Alabama is gone. New owners are Christopher and Florence (I think that was her name) who used to run the dining room at Auberge.

----------


## MIke R

I will be in Grand Case soon enough with an embedded report

----------


## amyb

Also, at the other end of town, you will see that  Rainbow and Sebastiani's are closed.

----------


## andynap

> Alabama is gone. New owners are Christopher and Florence (I think that was her name) who used to run the dining room at Auberge.




I forgot- it's called The Villa
Here are Christopher and Florence

----------


## amyb

That's them, Andy. I wish them well. Nice people in a tough business. Keep warm and dry and pace yourself as you shovel. A shame you will be stuck home and your great tan will have to go unnoticed!. Amy

----------


## MIke R

I am going to try and steer Mom towards a nice low  brow Talk of the Town lunch..but she will probably not go along with that...

----------


## andynap

You can roll her right in- no steps- all open. You can also get Grilled Lobster and many salads if that's what she likes.

----------


## MIke R

> You can roll her right in- no steps- all open.
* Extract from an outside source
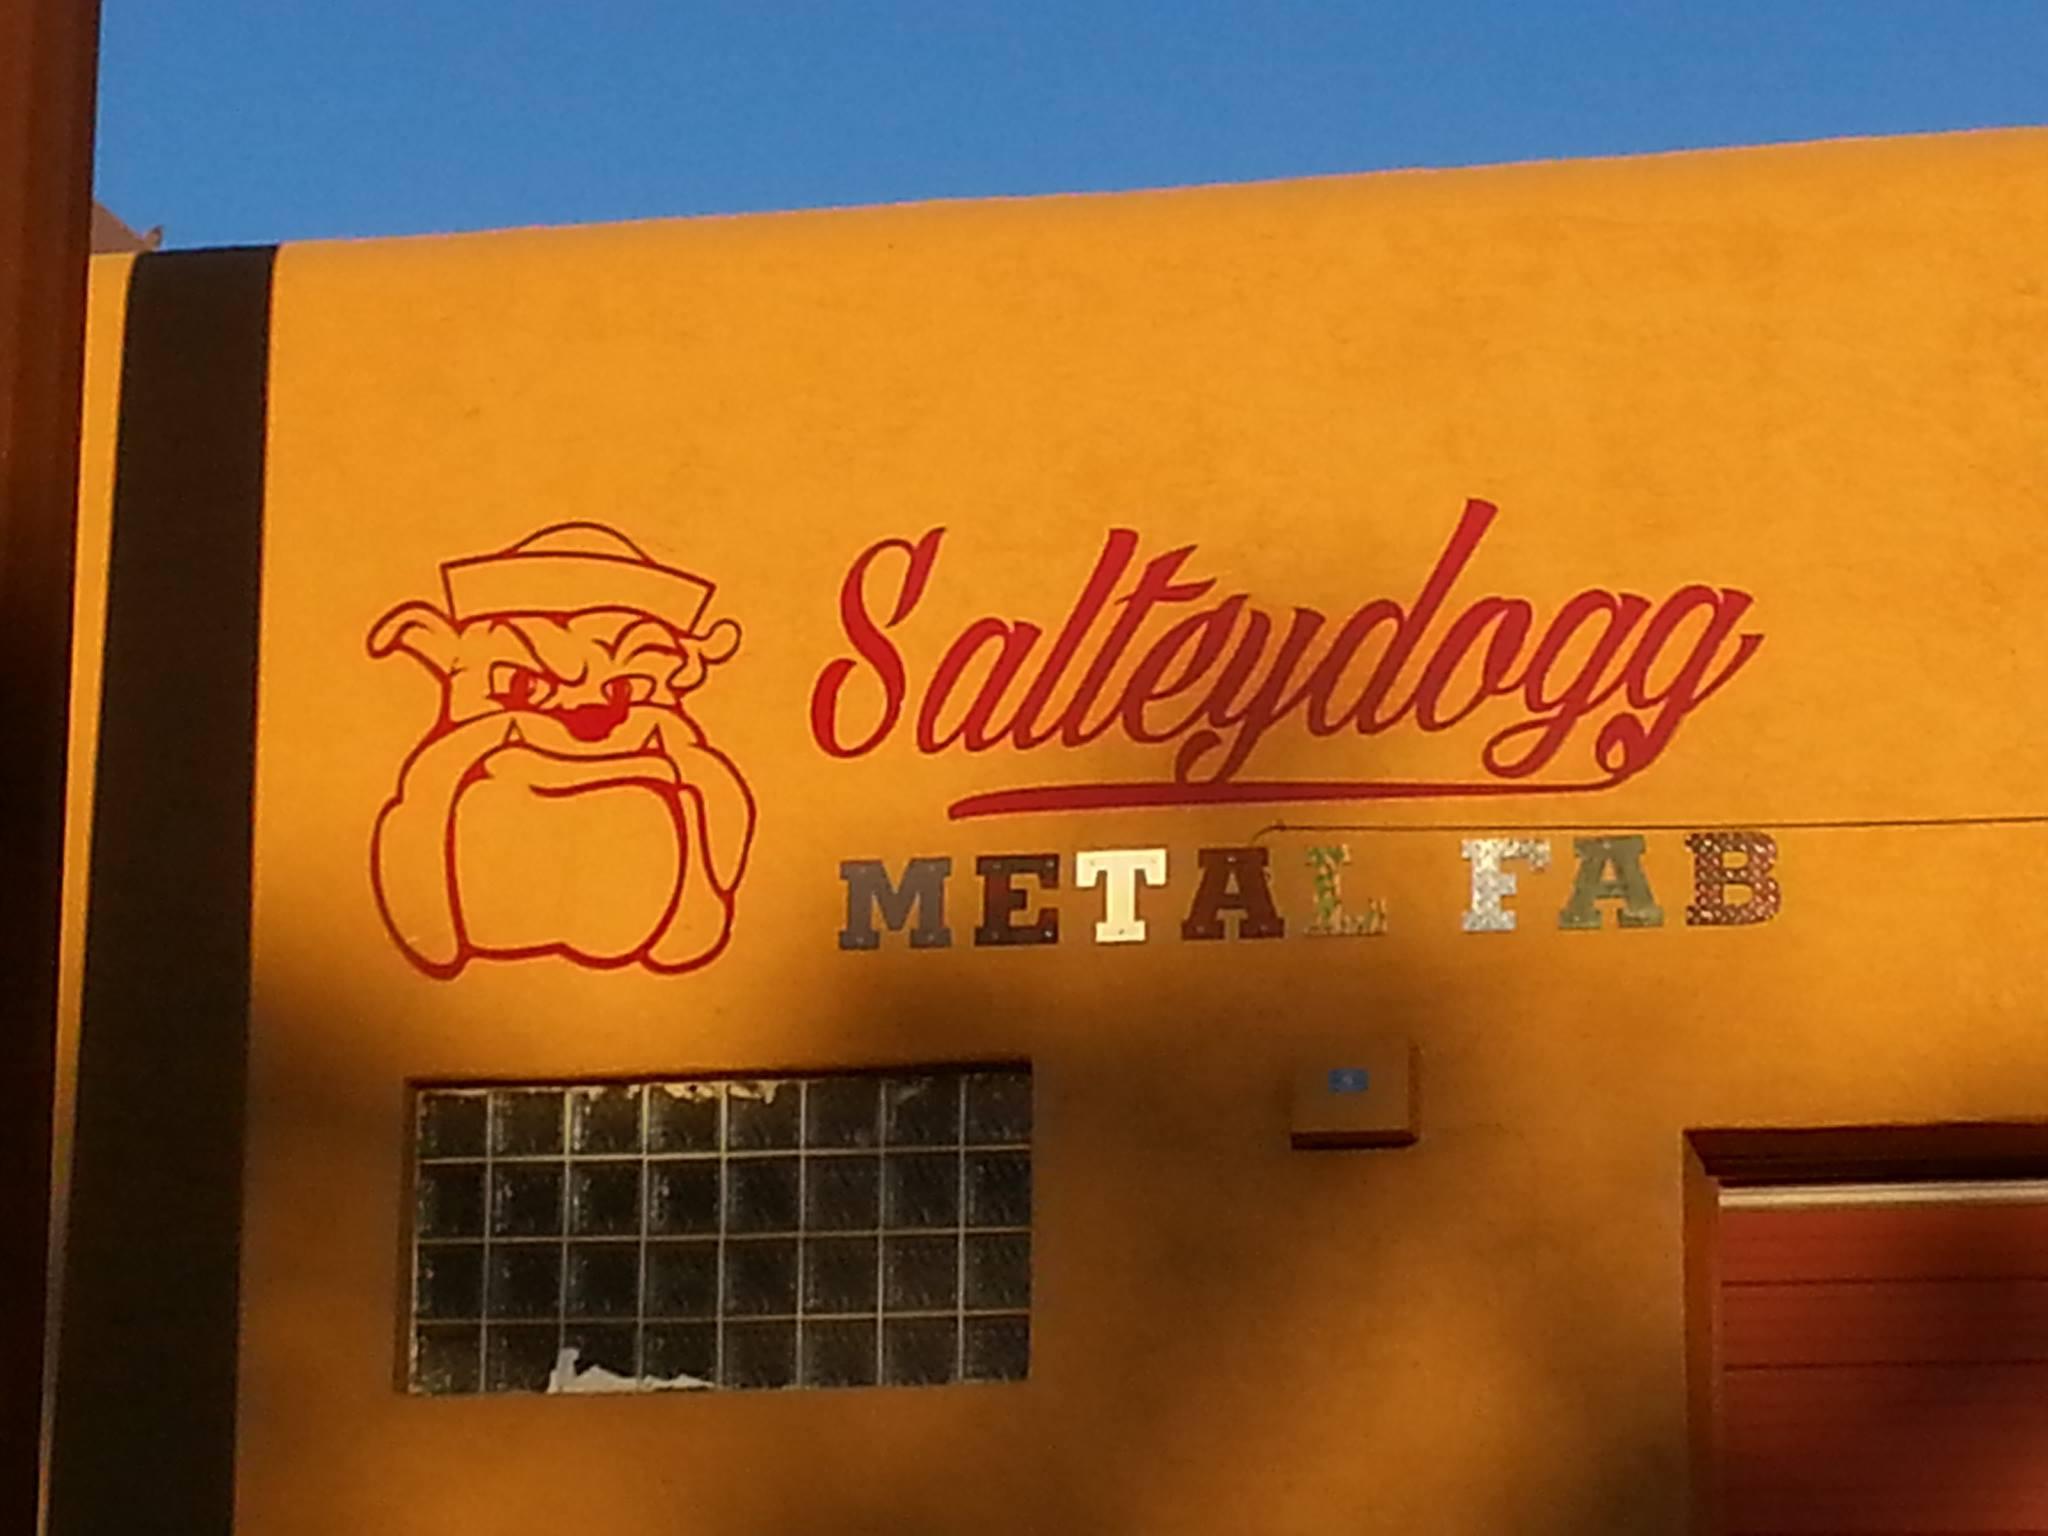 Salteydogg Metal Fab Albuquerque Metal Fabrication.jpg
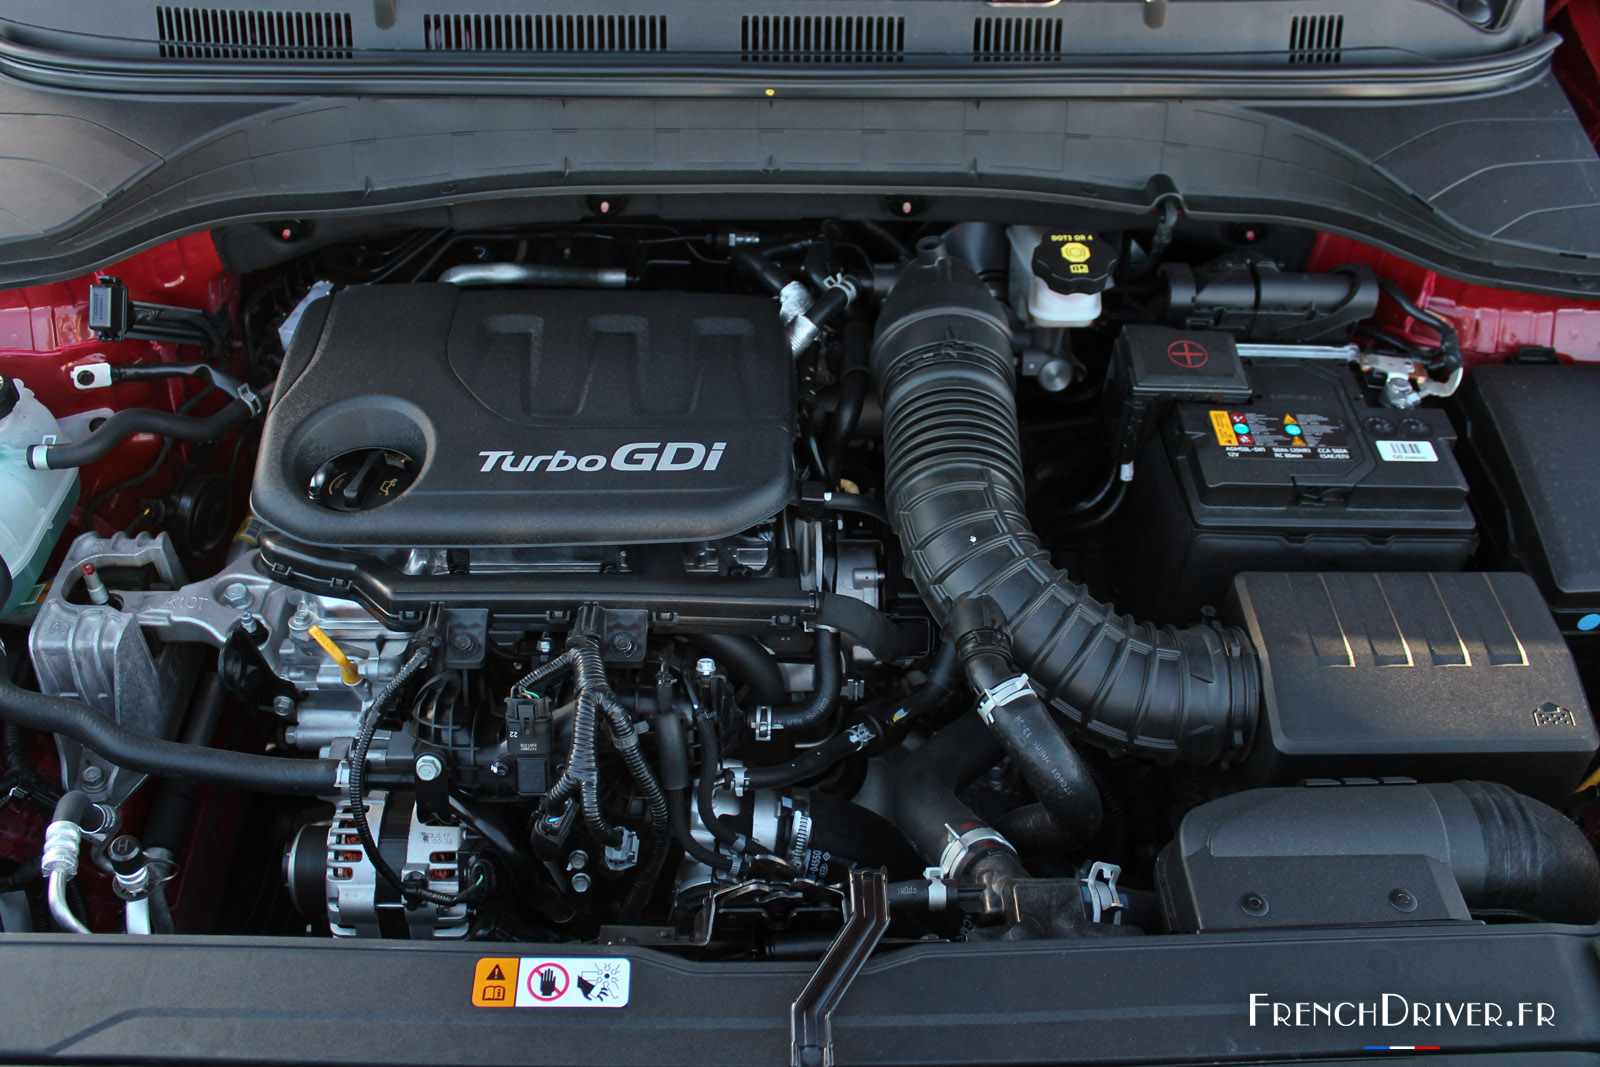 Hyundai Kona Fiche Technique >> Essai Hyundai Kona Le Suv Urbain Et Audacieux French Driver

You can also get Grilled Lobster and many salads if that's what she likes.




yeah that sounds like an easy plan for me pushing a wheelchair...oy..its coming up quick

----------


## andynap

I assume you are going by cab or van from the dock- tell the driver the Rib Shacks in Grand Case- there are several but Talk of the Town is right on the road and it's the best one -IMO

----------


## MIke R

yes we  usually go right by all the tour vans and all that nonsense, jump in our own  cab and go...

I will  do that...thanks

----------